In this case, you have two steps:
1. Zn (s) + S (s) → ZnS (s) ΔH = -206.0 kJ
2. ZnS (s) + 2 O2 (g) → ZnSO4 (s) ΔH = -776.8 kJ
To find the enthalpy change for the target reaction, you need to add the enthalpy changes of these two steps:
ΔH = -206.0 kJ + (-776.8 kJ)
ΔH = -206.0 kJ - 776.8 kJ
ΔH = -982.8 kJ
Therefore, your answer of -982.8 kJ is correct.

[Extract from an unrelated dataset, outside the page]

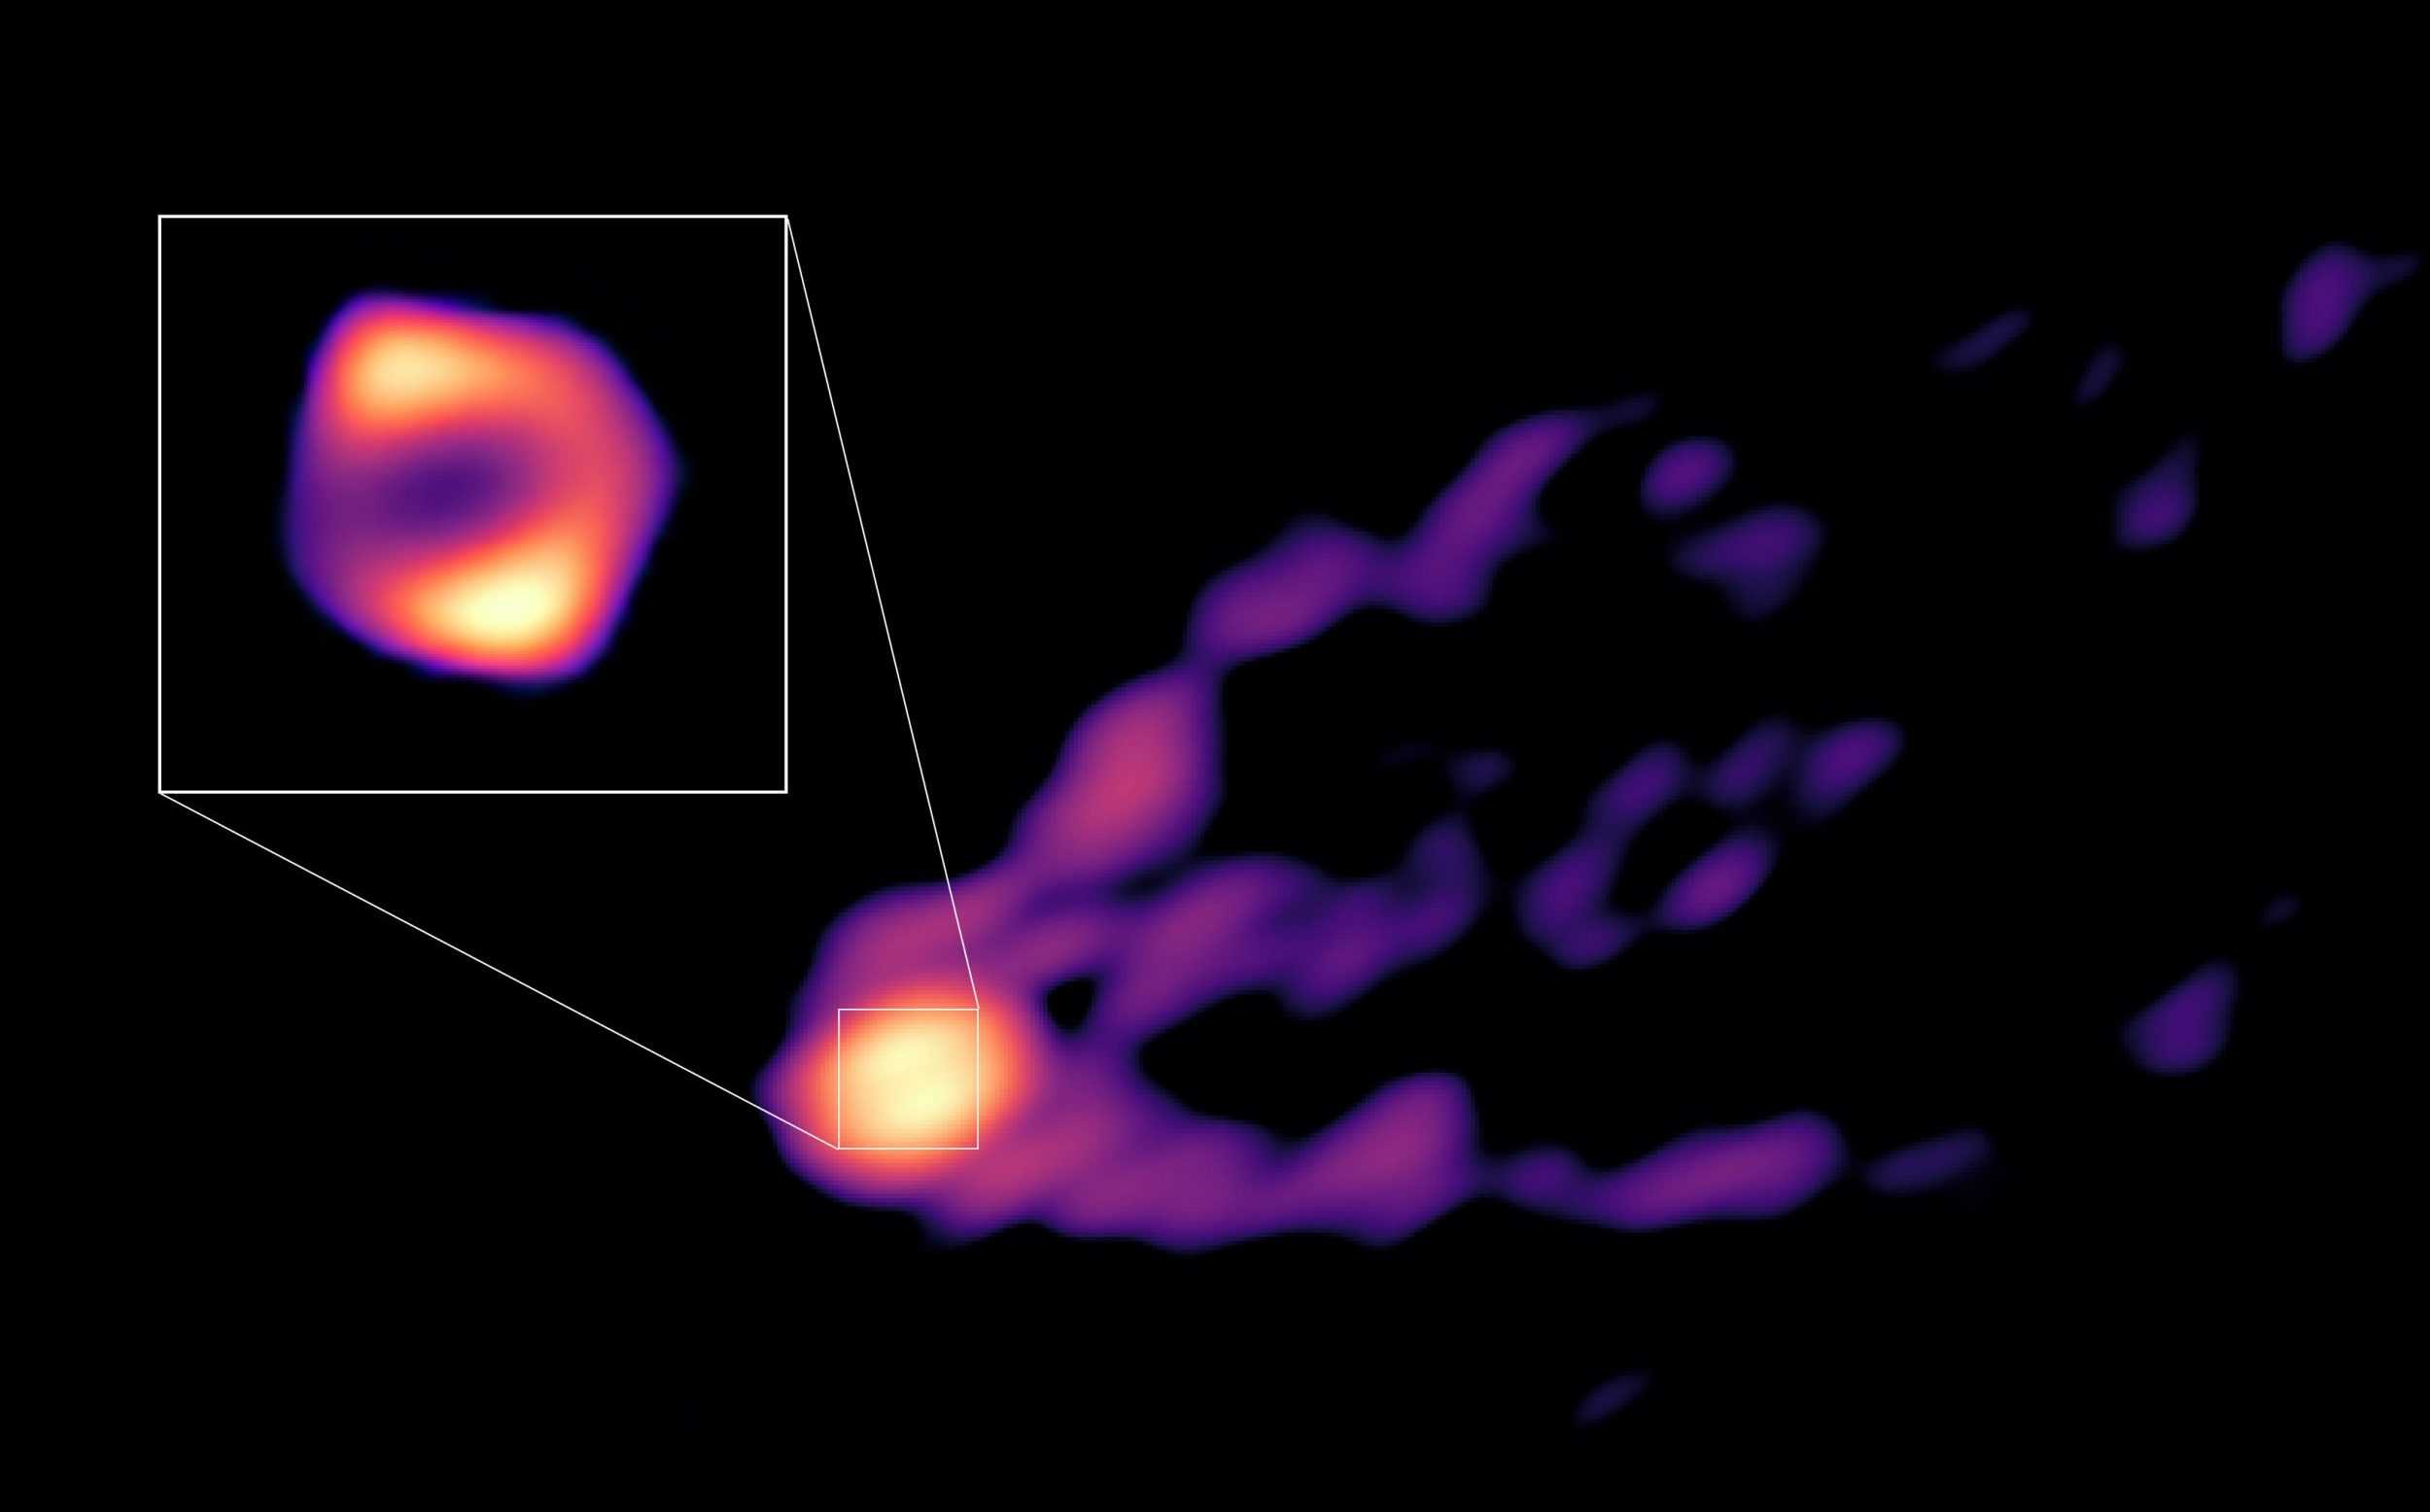 В черной дыре галактики Messier 87 обнаружили «выстрел» джета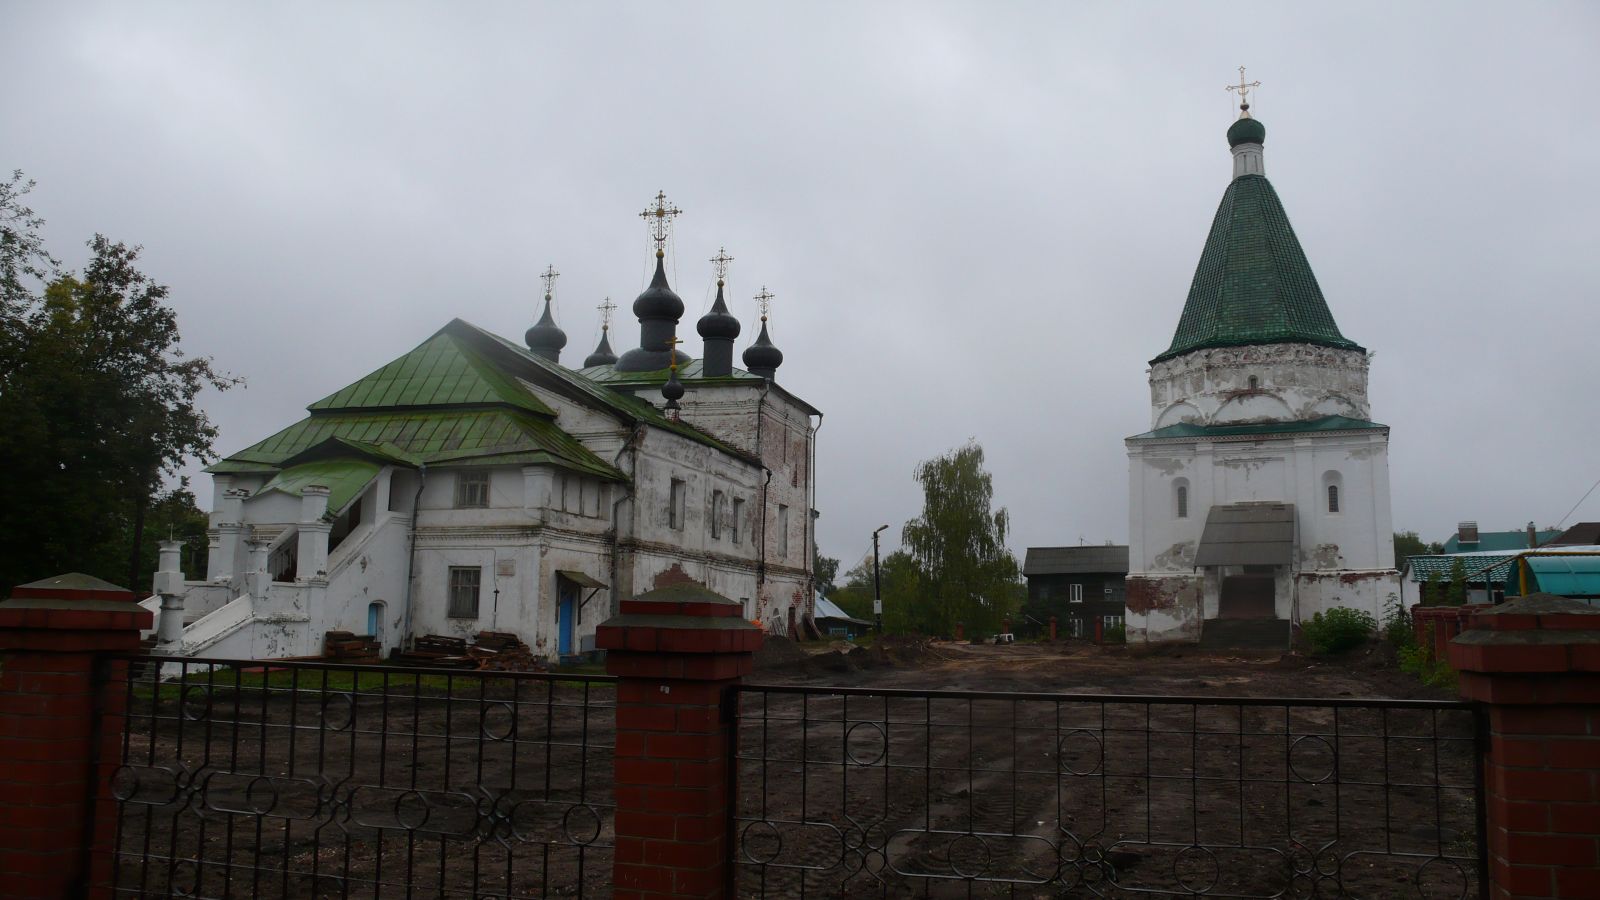 Общий вид на Покровскую и Никольскую церкви бывшего Покровского монастыря в Балахне. Фото А.И. Давыдова. Сентябрь 2011 г.

The enthalpy change for the given reaction is -982.8 kJ.
To calculate the enthalpy change for the reaction, you can use the concept of Hess's Law, which states that the total enthalpy change for a reaction is independent of the pathway taken. In other words, you can add or subtract individual reactions to obtain the desired reaction.
In this case, you want to find ΔH for the reaction: Zn (s) + S (s) + 2 O2 (g) → ZnSO4 (s).
Given the following data:
1. Zn (s) + S (s) → ZnS (s) ΔH = –206.0 kJ
2. ZnS (s) + 2 O2 (g) → ZnSO4 (s) ΔH = –776.8 kJ
You need to reverse the first reaction because it is given in the opposite direction. To reverse it, simply change the sign of the enthalpy change:
3. ZnS (s) → Zn (s) + S (s) ΔH = +206.0 kJ
Now, you can add the equations to obtain the desired overall reaction:
4. Zn (s) + S (s) + 2 O2 (g) → ZnSO4 (s) ΔH = (3) + (2) = (206.0) + (-776.8) = -570.8 kJ
Therefore, the enthalpy change for the reaction is -570.8 kJ.
Please note that the answer you provided, -982.8 kJ, seems to be a miscalculation.